From: aidotengineer
Hybrid thinking mode is a significant feature introduced in Quen 3, allowing a single model to utilize both “thinking” and “non-thinking” behaviors [00:05:31]. This capability combines two distinct approaches to AI model operation [00:05:39].
Components of Hybrid Thinking Mode
- Thinking Mode
- In this mode, before providing a detailed answer, the model engages in a process of reflection, exploring possibilities, and determining its readiness to answer [00:05:42].
- Models like 01 and Deep R1 exhibit this “thinking behavior” [00:06:04].
- Non-thinking Mode
- This is akin to a traditional instruction-tuned model or a chatbot [00:06:09].
- It provides answers without an explicit thinking process, resulting in near-instant responses [00:06:16].
Quen 3 is noted as potentially the first instance in the open-source community to combine these two modes into a single model [00:06:23]. Users can control the model’s behavior using prompts or hyperparameters [00:06:30].
Dynamic Thinking Budget
A key feature enabled by the hybrid thinking mode is the “dynamic thinking budget” [00:06:36]. This budget defines the maximum number of thinking tokens an AI model can use for a given task [00:06:46].
- Impact of Budget: If a task requires more thinking tokens than the allotted budget, the thinking process will be truncated at the budget limit [00:07:20].

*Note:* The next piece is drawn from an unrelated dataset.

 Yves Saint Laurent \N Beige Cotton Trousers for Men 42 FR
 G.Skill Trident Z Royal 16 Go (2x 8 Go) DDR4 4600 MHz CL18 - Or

- Performance: Performance generally increases with larger thinking budgets [00:07:45]. For example, in the AM 24 benchmark, a small thinking budget might yield just over 40% performance, while a large budget of 32,000 tokens can achieve over 80% [00:07:52].
- Optimization: Users can tailor the thinking budget to meet specific accuracy requirements, avoiding wasted tokens if a lower budget still achieves the desired outcome (e.g., 8,000 tokens for over 95% accuracy in a task) [00:08:21].
Application in Multimodal AI Systems
The concept of thinking capabilities and dynamic thinking budget has also been explored for vision language models like QVQ [00:13:18]. Similar to language-only models, a larger thinking budget in vision language models leads to better performance, especially in reasoning tasks such as mathematics [00:13:32].
Agent Capabilities
The ability to combine thinking with environmental interaction is a key aspect of developing productive AI agents [00:10:14]. Models with hybrid thinking mode can use tools, receive feedback from the environment, and continue thinking, which is beneficial for inference-time scaling [00:10:00]. This capability is crucial for models to evolve beyond simple chatbots into highly productive agents in various working life scenarios [00:11:06].